JPH07234080A - Structure of metal electrode for dc arc generator - Google Patents

Abstract

PURPOSE:To reduce a melting loss of an immersion type metal electrode used for a ladle refining device with DC arc. CONSTITUTION:A metal electrode 7 has a structure in which many rod like metal electrodes 23 are radially provided on the outer peripheral surface at the lower end of a central conductive metal tube member 22 having cooling gas passages 20 therein and the lower part of the conductive metal tube member 22 capable of coming into contact with a molten metal 2 including the lower end face of the member 22 is coated with a refractory material 21 so that the ends of the rod like metal electrodes 23 are exposed and come into contact with the molten metal 2. Only the ends of the rod like metal electrodes 23 come into contact with the molten metal 2. Other lower part in contact with the molten metal 2 is protected by the refractory material 21. Therefore, the thermal load of the metal electrodes can be reduced, a melting loss can be reduced and life can be extended.

Description

Detailed Description of the Invention

[0001]

BACKGROUND OF THE INVENTION 1. Field of the Invention The present invention comprises a metal electrode having a cooling gas passage inside which is immersed in a molten metal in a container, and a graphite electrode which is not immersed in the molten metal. The present invention relates to a metal electrode structure of a DC arc generator that generates an arc.

[0002]

2. Description of the Related Art A ladle refining furnace that receives molten metal in a container, for example, molten steel that has undergone primary refining in a steelmaking furnace such as a converter or an electric furnace in a ladle and performs secondary refining in the ladle Are known. As described above, the ladle refining furnace is a steelmaking furnace, and de-flow (S),
Dephosphorization (P) is mainly performed to remove the oxidizing slag generated in this primary refining stage and tap the steel into a ladle, and a new slag (flux) is added to the ladle to add basic slag. It is to make and refine and reduce.

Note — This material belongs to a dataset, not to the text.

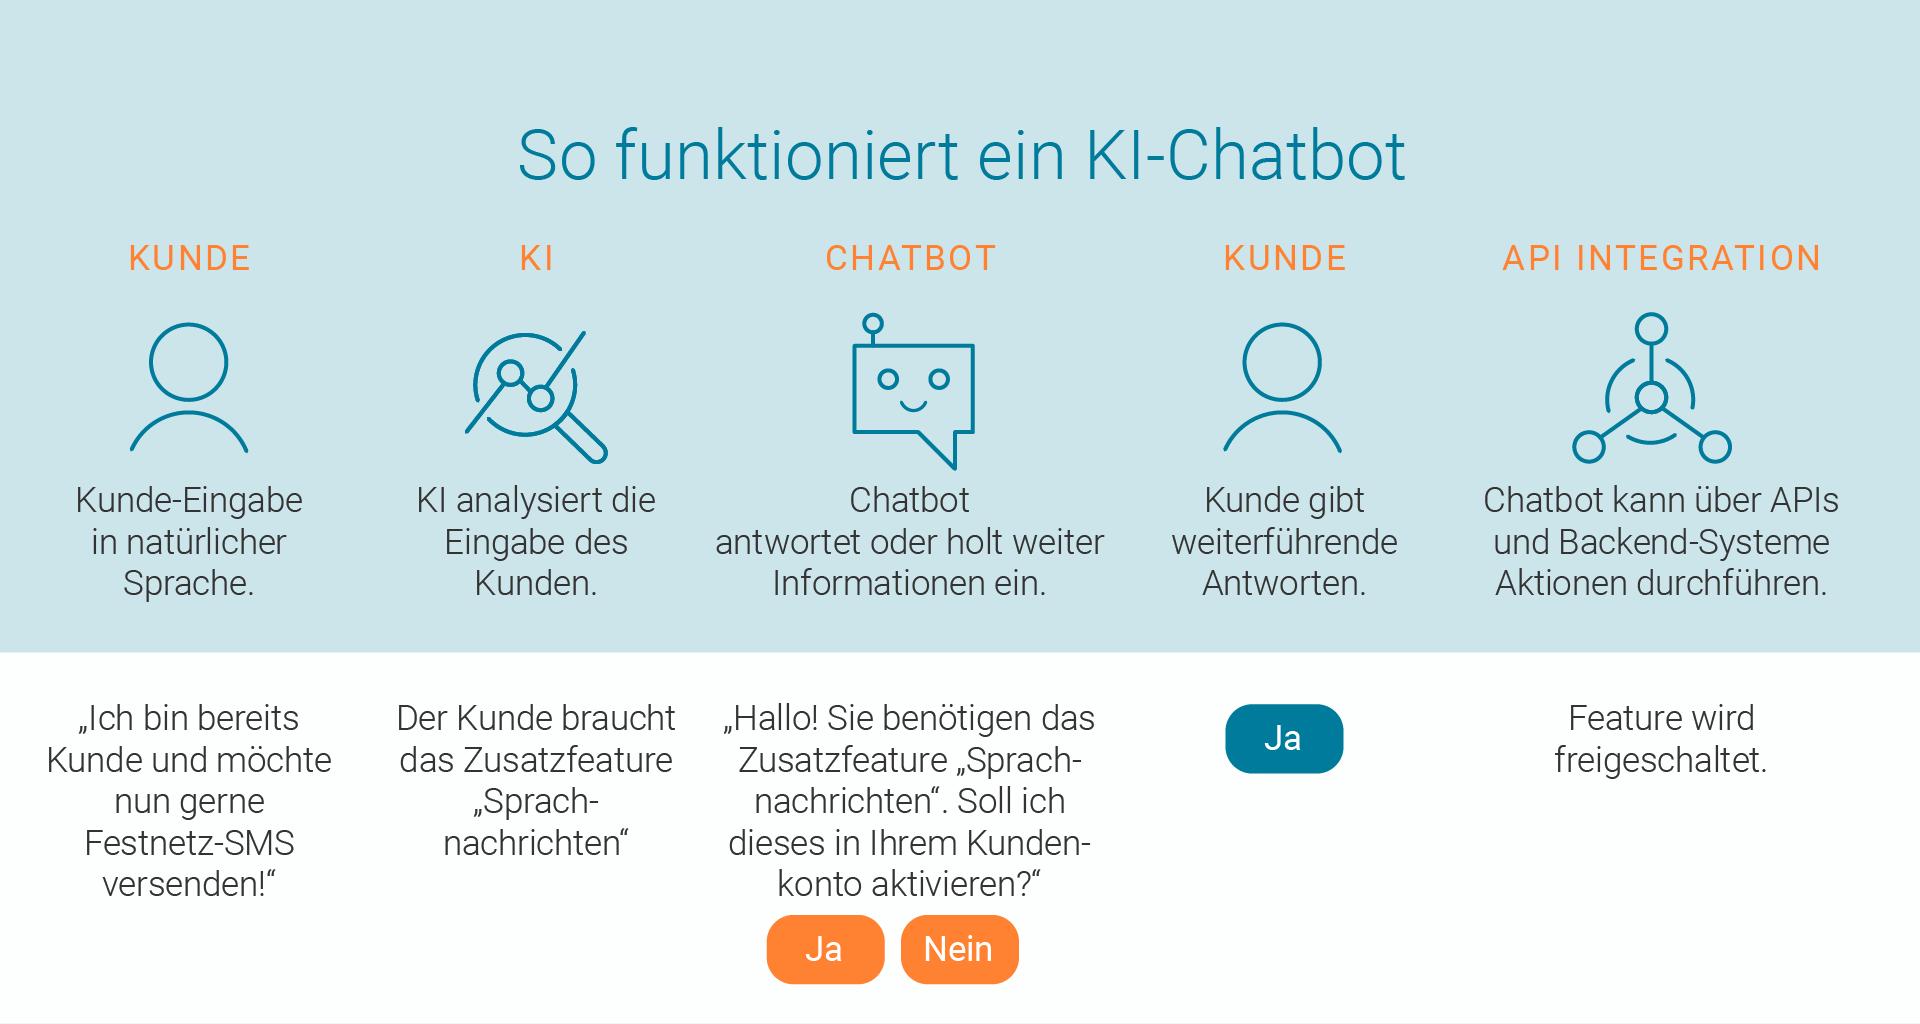 LINK Mobility - so funktioniert ein KI Chatbot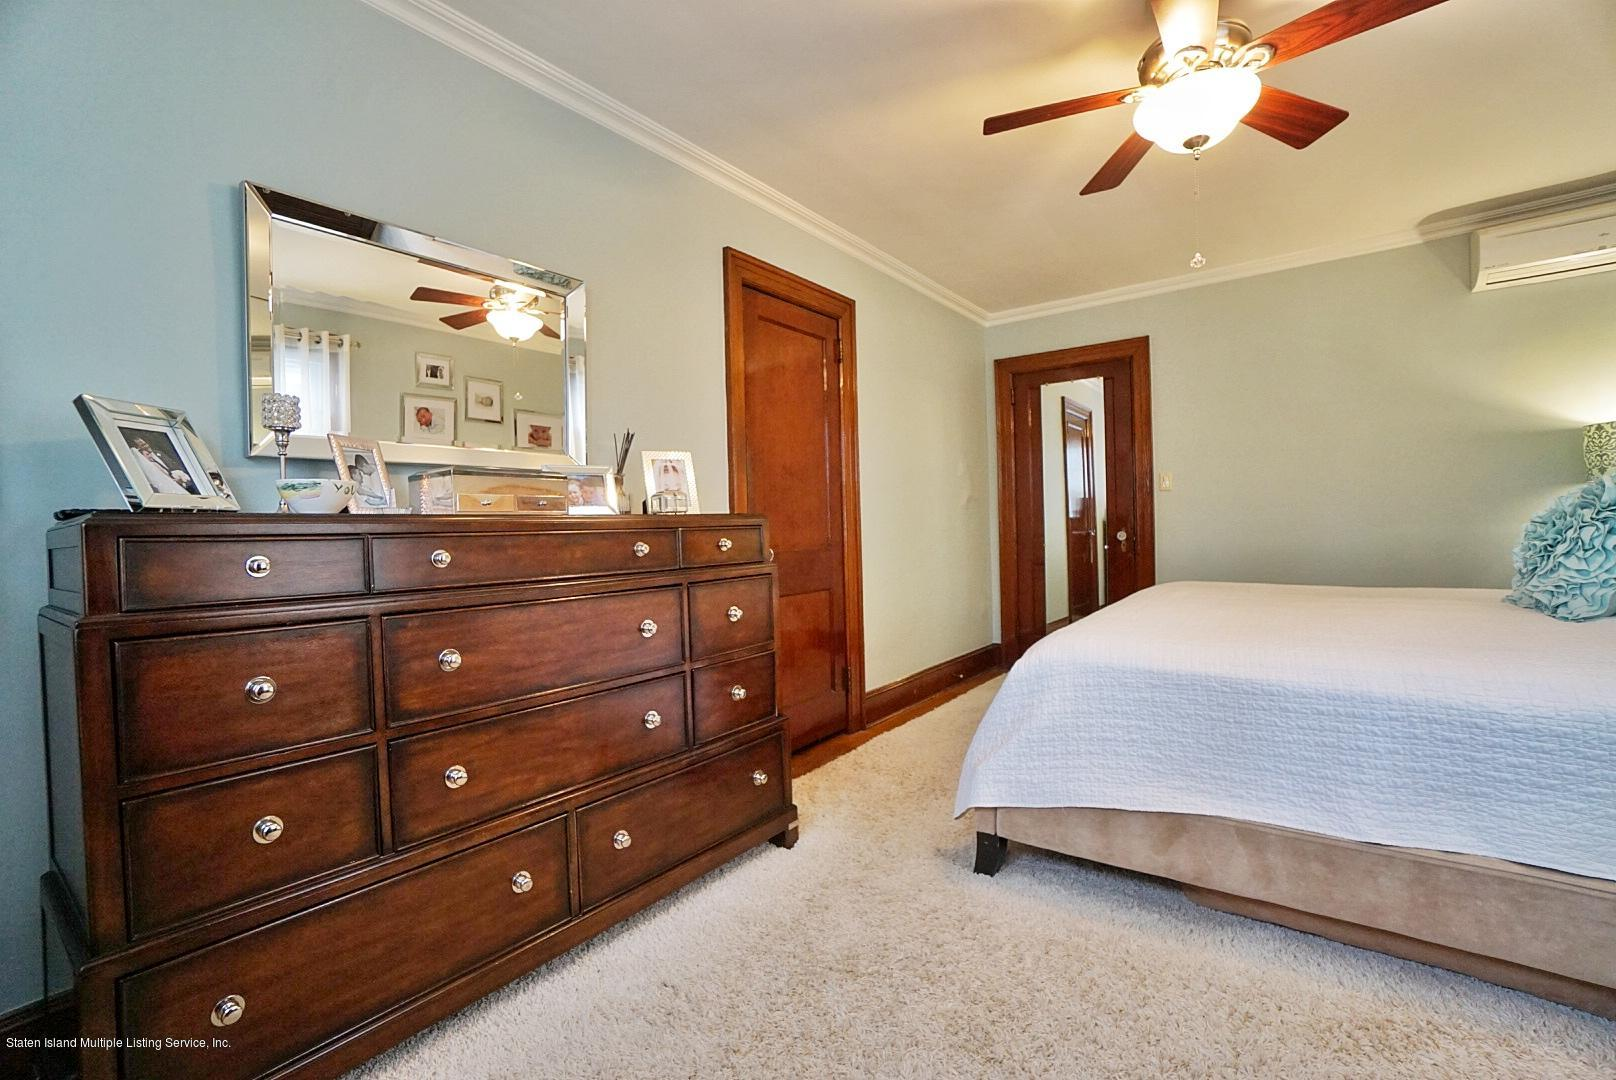 Single Family - Detached 171 Keiber Court  Staten Island, NY 10314, MLS-1127425-38

As a DC type ladle refining apparatus, as shown in FIG. 5, a ladle 1 receives molten steel 2 produced from a converter and is then carried on a carriage 3. A ladle lid 4 is detachably covered with a winch or the like on the ladle 1, and one of the two electrode through holes 5 formed in the ladle lid 4 penetrates the graphite electrode 6 on the cathode side, and the other one. A metal electrode 7 having a cooling gas passage therein is penetrated therethrough. The tip of the graphite electrode 6 is not immersed in the molten steel 2 in the ladle 1, while the graphite electrode 6
The tip of the metal electrode 7 made of a conductor such as iron arranged apart from is deeply immersed in the molten steel 2. A lid 15 is provided in each of the two electrode through holes 5 formed in the pot lid 4, and the lid 15 is put on after the two electrodes 6 and 7 are pulled out from the furnace.

As described above, the ladle 1 contains the molten steel 2 which is primarily refined in the converter, and the slag 19 is placed on the molten steel 2.
Is emerging. After covering the ladle 1 transferred to the secondary refining position by the trolley 3 with the pan lid 4, the lids 15 of the two electrode through holes 5 are opened and the graphite electrodes 6 supported by the support frame 8 respectively. The metal electrode 7 and the metal electrode 7 are swung upward from the retracted position by a turning device (not shown) to perform positioning. Subsequently, the power cylinder 10 is operated to lower the graphite electrode 6 and the metal electrode 7 independently, penetrate each electrode through hole 5 and insert them into the furnace, and the tip of the graphite electrode 6 is melted into the molten steel 2 in the ladle 1. It is located near the upper side of the slag 19 existing above, and the tip of the metal electrode 7 is deeply immersed in the molten steel 2.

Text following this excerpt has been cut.